My Esoteric profile image

My Esoteric Hub Author 7 months ago

Thank you for reading and commenting on my thoughts, TaylorSlaw. I enjoyed serving, although I suspect your dad might have seen a little more action than I did; I got in near the end, in fact I had to volenteer to get over there, and basically flew over what action was left; not too many bullets came my way and was a walk-in-the-park compared to what they saw or are seeing in Iraq and Afghanistan today.

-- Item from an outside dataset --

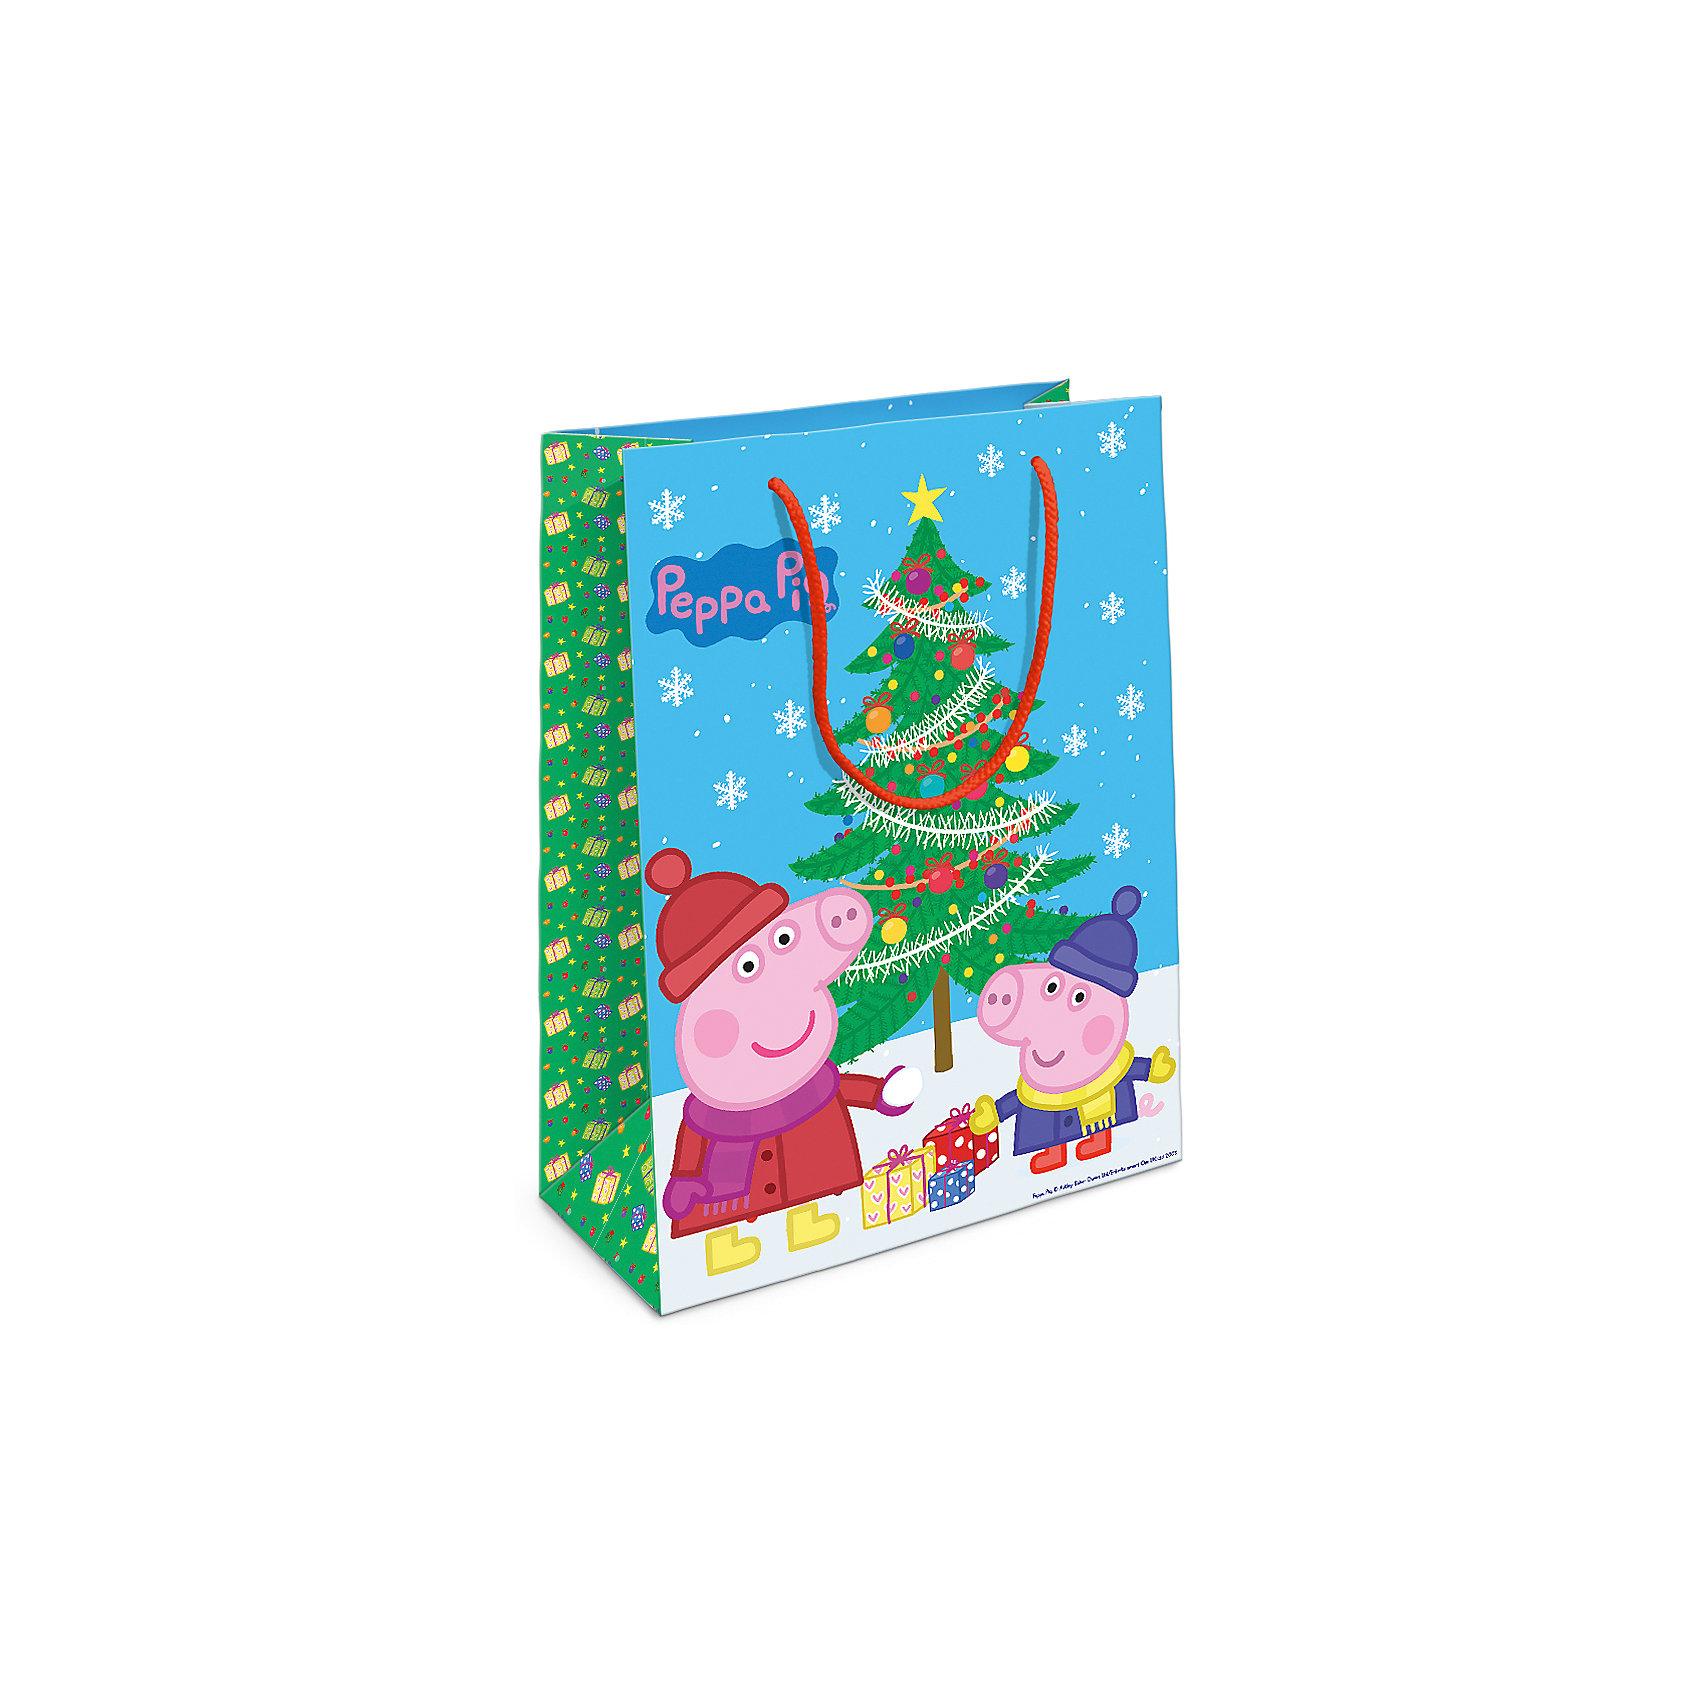 Пакет подарочный Пеппа и елка 350*250*90Детские подарочные пакеты<br>Порадуйте малыша новогодним подарком! А красивый подарочный пакет «Пеппа и ёлка» с забавными героями мультфильма «Свинка Пеппа» станет его эффектным дополнением. Размер бумажного подарочного пакета: 35х25х9 см.<br><br>Ширина мм: 350<br>Глубина мм: 250<br>Высота мм: 3<br>Вес г: 41<br>Возраст от месяцев: 36<br>Возраст до месяцев: 120<br>Пол: Унисекс<br>Возраст: Детский<br>SKU: 5016463

I have been on both sides as well but not to the extremes you apparently have; it definitely gives you a wholistic few on life, I think. Your take on who needs help and who shouldn't be is right on, in my opinion.

taylorslaw profile image

taylorslaw Level 1 Commenter 7 months ago

My Esoteric,

First off. THANK YOU! Thank you for serving for this country and being one of the millions who have laid their life on the line for my right to be sitting here to tell you thank you!

My father served in vietnam and my daughter is already in AFROTC.

As an accountant myself, (not as nearly experienced as you) I can respect the simplicity of your findings and how they shine a much broader light onto the matter.

I am not sure exactly where I would be placed on the scale.

I do believe whole heartedly in helping those who need help. However, I feel equally as strong about placing a thick decernable line between those "needing" help and those "living off" help.

I have been on both sides of that coin in that I have earned so much money that I paid out more in weekly taxes than probably 60% of those in my community earned in all their weekly wages. I have also sat in an unemployment line wondering how much longer before my next real paycheck.